As has been shown in the SAM, CLV2 is also capable of forming a receptor complex with CRN/SOL2 to regulate RAM homoeostasis (Figure 1; Miwa et al., 2008; Müller et al., 2008; Bleckmann et al., 2010; Zhu et al., 2010). In addition to the previous observation that CRN lacked kinase activity (Nimchuk et al., 2011), it was reported recently that the CRN/SOL2 kinase domain was not essential for protein function in the root (Somssich et al., 2016). This finding indicates that an unknown receptor, probably a RLK, functions together with the CLV2-CRN heterodimer (Figure 1). As such, the root expressed RLKs, including BAMs and RPK2, might be the logical RLK candidates for the redundant role in root development, because of their pronounced expression in roots (DeYoung et al., 2006; Kinoshita et al., 2010). However, it has been shown that BAM1, independently of CLV2, functioned synergistically with RPK2 in CLE peptide-triggered root meristem arrest (Shimizu et al., 2015). An investigation of homozygous T-DNA insertion lines of root expressed RLKs for their sensitivity to CLV3 peptide treatment revealed none of the tested RLKs were involved in CLV3 perception (ten Hove et al., 2011). Thus it will be worthwhile in future to examine the homozygous lines with a wide range of CLE peptides (Qiang et al., 2013). A number of CLE genes are expressed in the RAM (Jun et al., 2010); however, it is still unclear which CLE peptide is responsible for RAM activity due to the lack of loss-of-function mutants. Nevertheless, it is suggested that CLV2-CRN/SOL2 may perceive the CLE14 and CLE20 ligands to trigger RAM termination, although biochemical evidence for this receptor-ligand interaction is missing (Meng and Feldman, 2010). Altogether, these studies argue that CLV2-CRN/SOL2 heteromers may act together with an unidentified RLK to modulate root meristem maintenance.

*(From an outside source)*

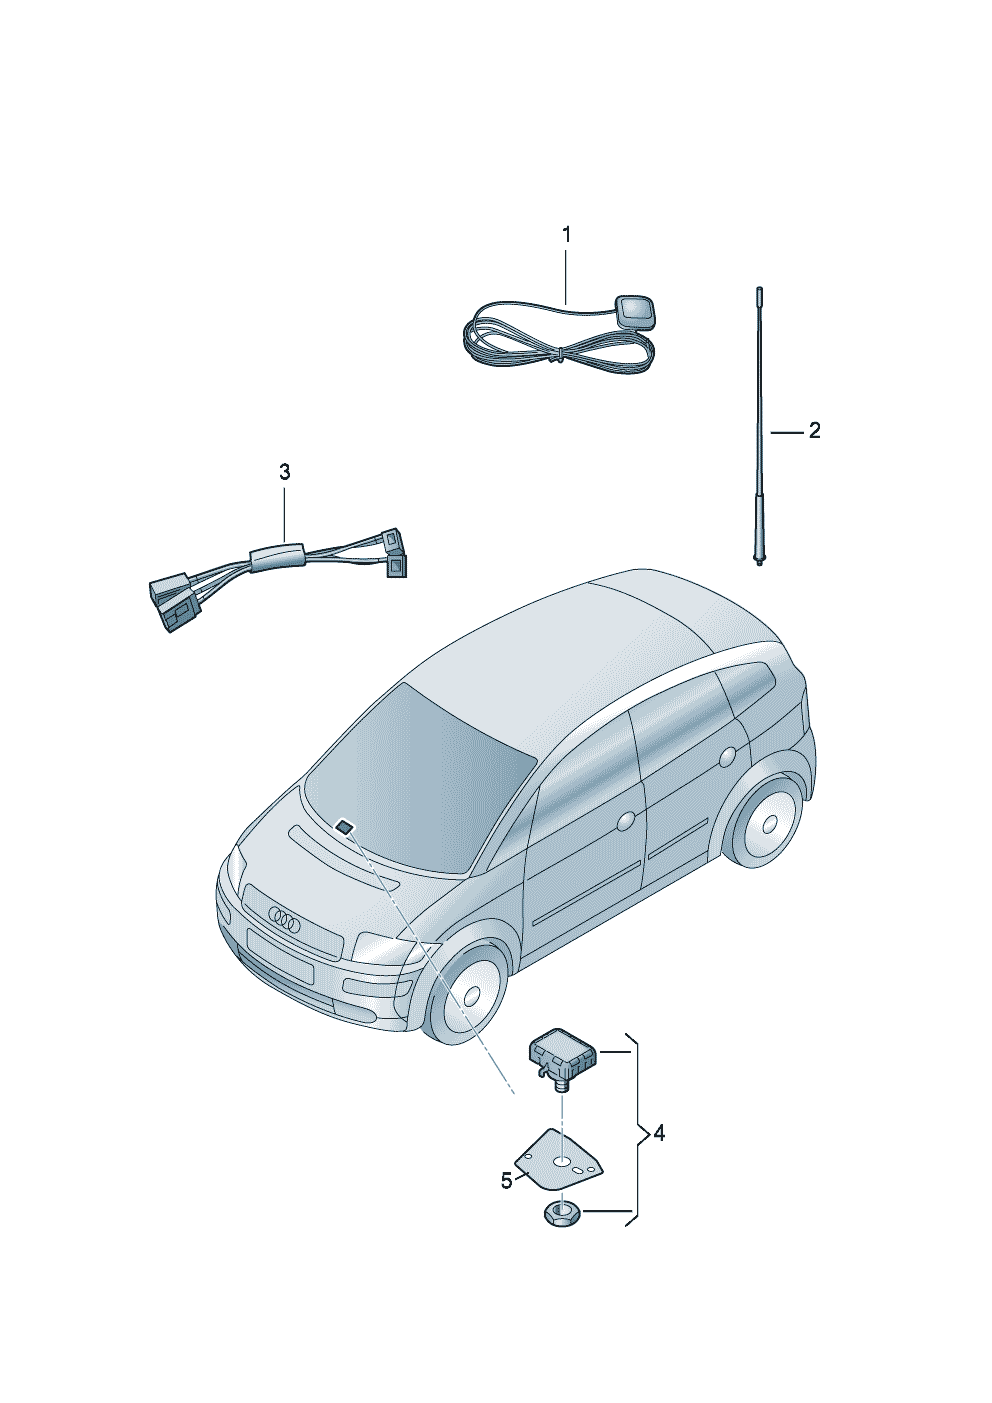 Originele accessoiresantenne<br/>geen FI-functie mogelijk  - Audi A2 - a2

CLV2 is Implicated in the Regulation of Protoxylem Formation
It has been reported that ectopic protoxylem vessels were formed in clv2 roots (Kondo et al., 2011), suggesting that endogenous CLV2 functions in the inhibition of protoxylem vessel formation. Many chemically synthesized CLE peptides, including CLE10, suppresses protoxylem vessel formation in the root (Kondo et al., 2011). Consistently, transgenic plants overexpressing CLE10 under an estradiol-inducible promoter exhibited a protoxylem vessel defect similar to that of seedlings treated with CLE10 peptides (Kondo et al., 2011). By contrast, further investigation found that the protoxylem vessel defect is absent in CLE peptides treated clv2 mutants and crn/sol2 mutants (Kondo et al., 2011), indicating that CLV2 and CRN/SOL2 may function as receptors, presumably constituting a receptor complex as has been shown in the SAM and RAM, to perceive CLE10 signaling and modulate protoxylem vessel formation (Figure 1). Indeed, both CLV2 and CRN/SOL2 are strongly expressed in the root stele with greatly overlapping expression domains (Müller et al., 2008; Somssich et al., 2016). However, it remains unclear whether the kinase domain of CRN/SOL2 is involved in the transmission of CLE10 signaling to suppress protoxylem vessel formation. It is most likely that the kinase domain of CRN/SOL2 is dispensable for CRN/SOL2 function in the inhibition of protoxylem vessel formation similar to that in the RAM (Somssich et al., 2016). If this hypothesis holds true, it raises again the possibility that the interaction of CLV2-CRN/SOL2 with an unidentified RLK to form a functional receptor complex (Figure 1).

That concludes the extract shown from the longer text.